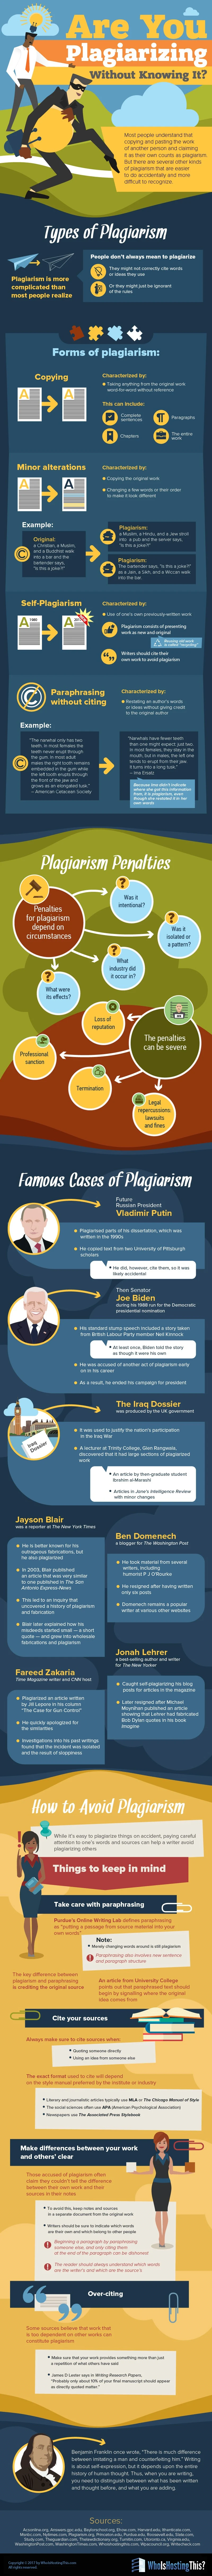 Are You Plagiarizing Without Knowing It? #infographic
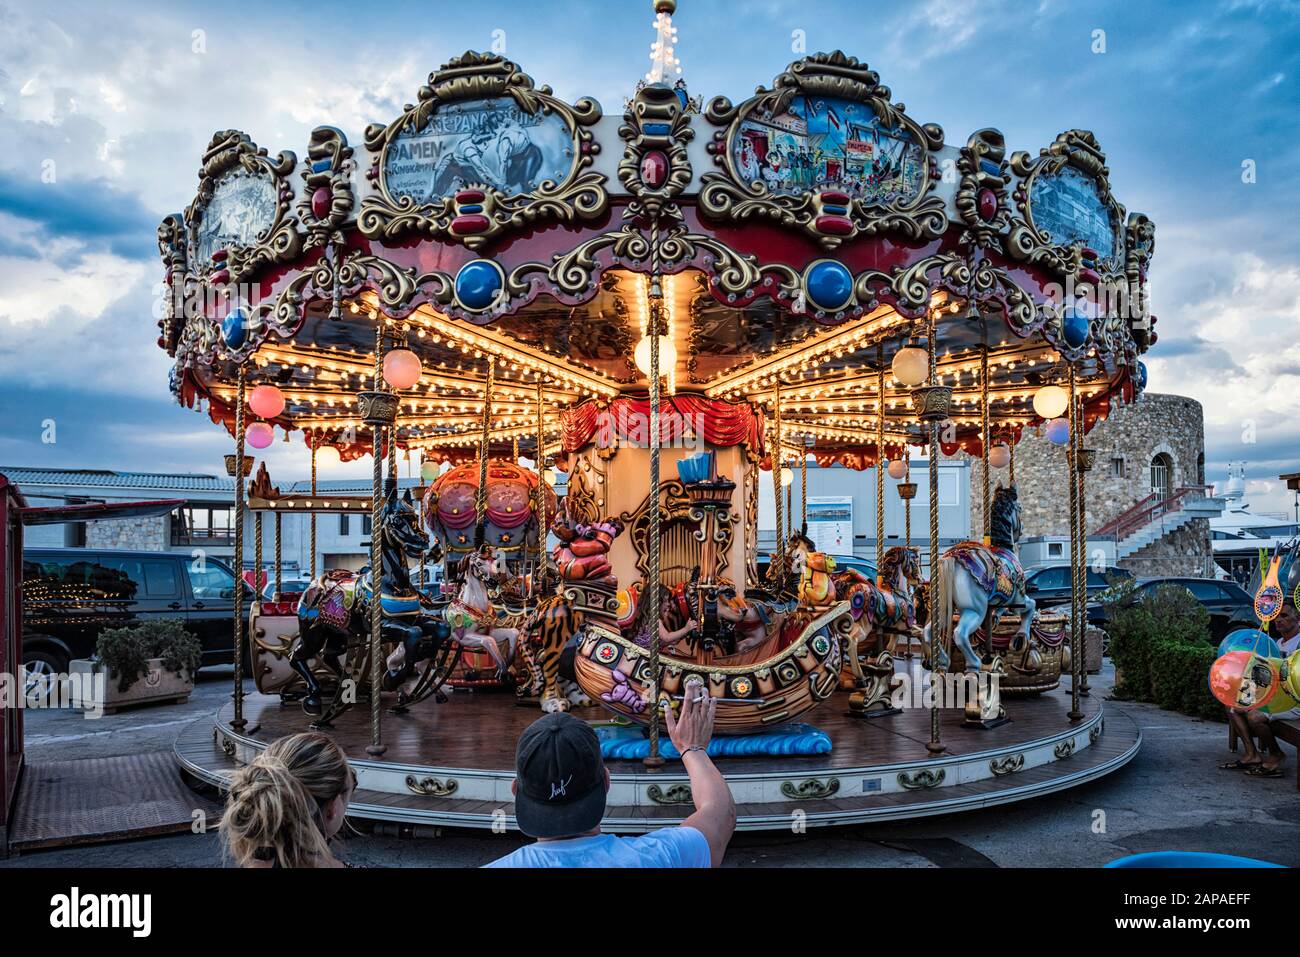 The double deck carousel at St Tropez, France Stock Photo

==

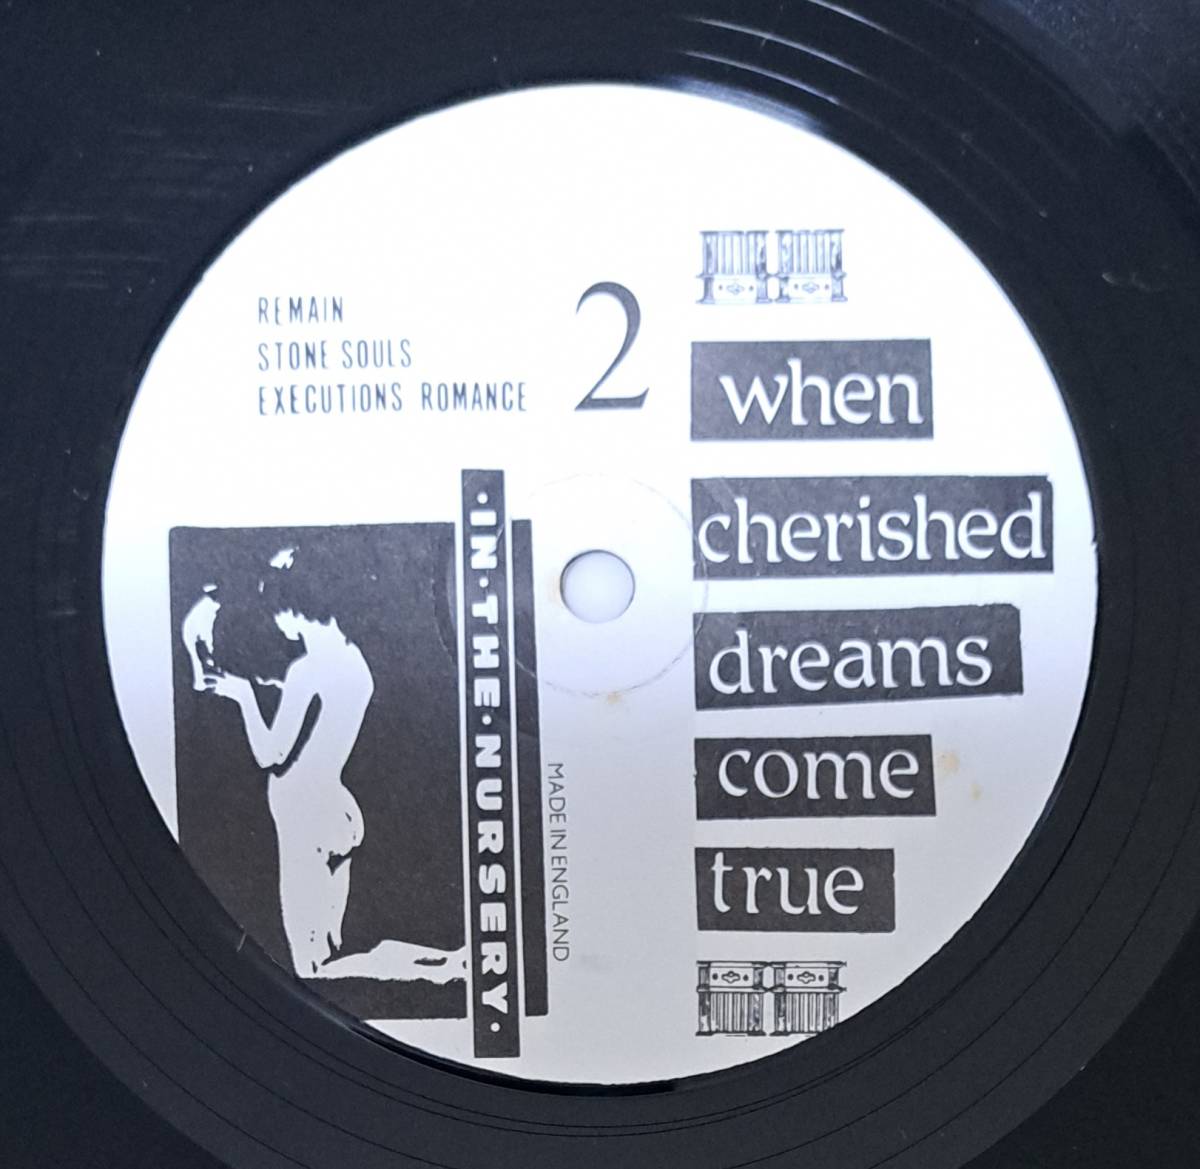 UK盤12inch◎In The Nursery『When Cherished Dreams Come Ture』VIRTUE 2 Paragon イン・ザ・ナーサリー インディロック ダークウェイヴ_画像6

---

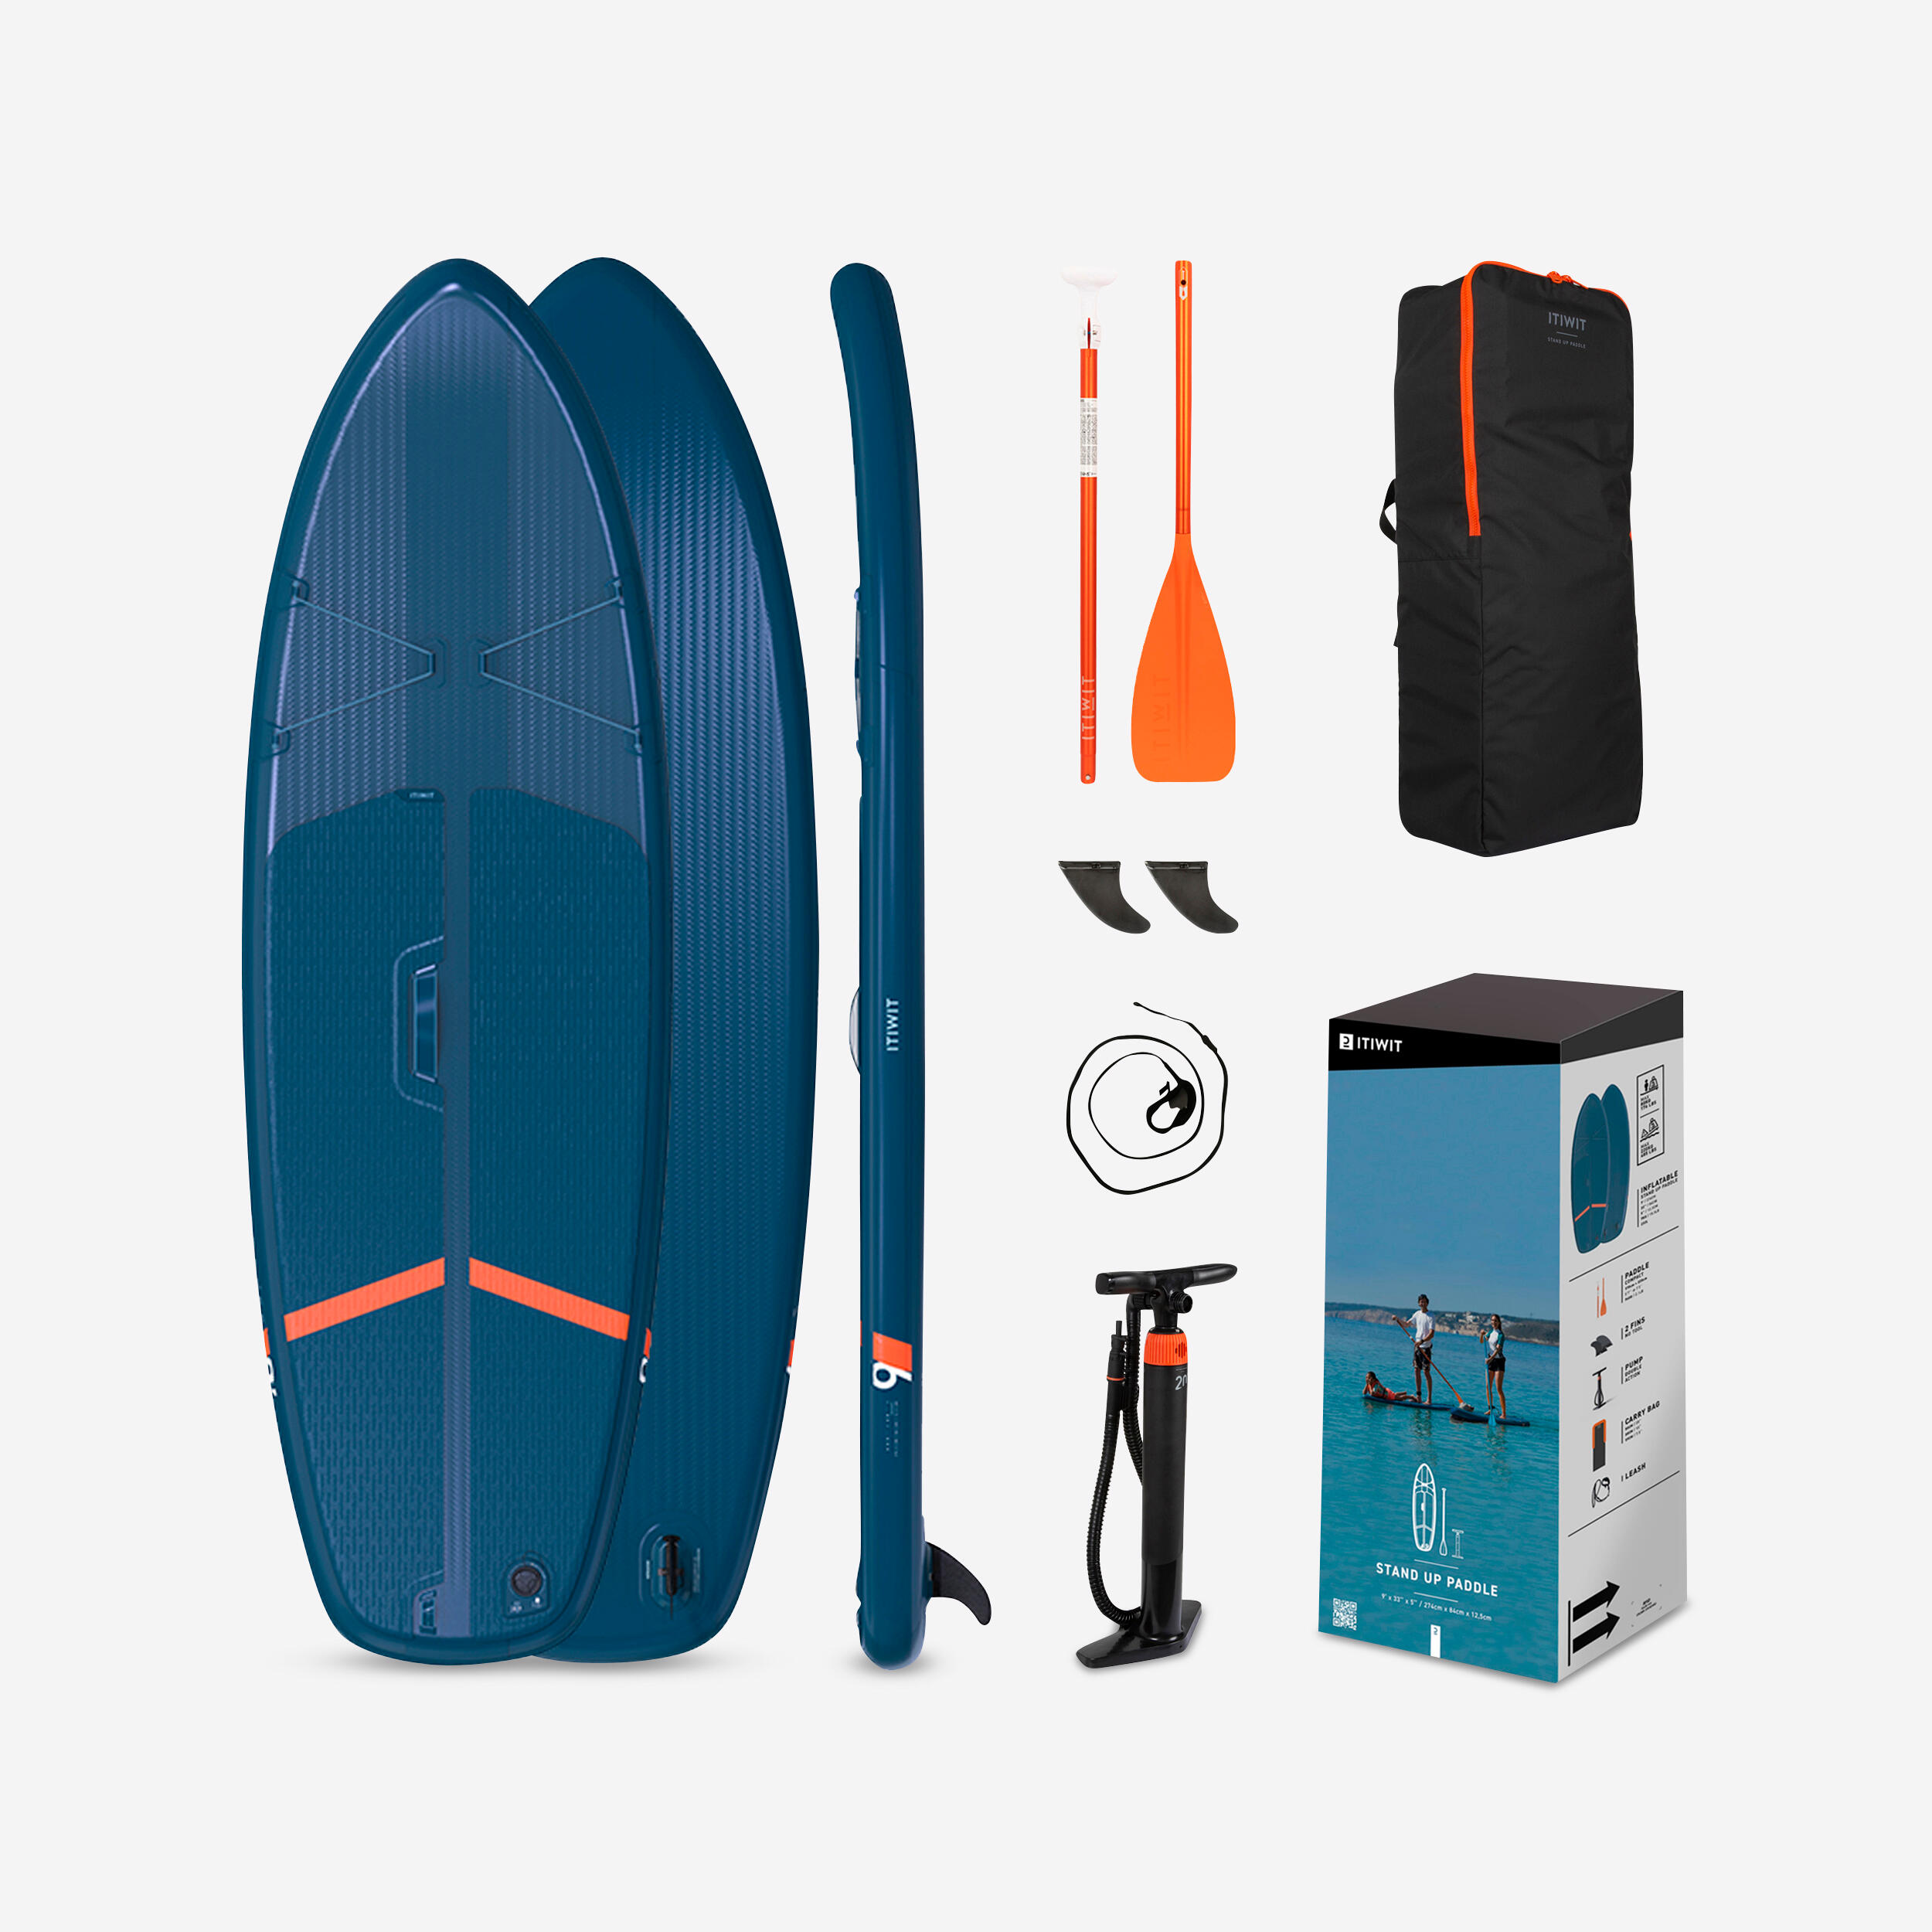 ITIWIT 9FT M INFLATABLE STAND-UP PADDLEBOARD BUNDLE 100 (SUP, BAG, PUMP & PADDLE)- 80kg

--- WHAT NEEDS TO BE DONE ---
Print exactly, with no pictures, the lines above from the one that holds "Are You Plagiarizing" through the one that holds "The double deck", both of them included.

--- SOLUTION ---
 Are You Plagiarizing Without Knowing It? #infographic
 The double deck carousel at St Tropez, France Stock Photo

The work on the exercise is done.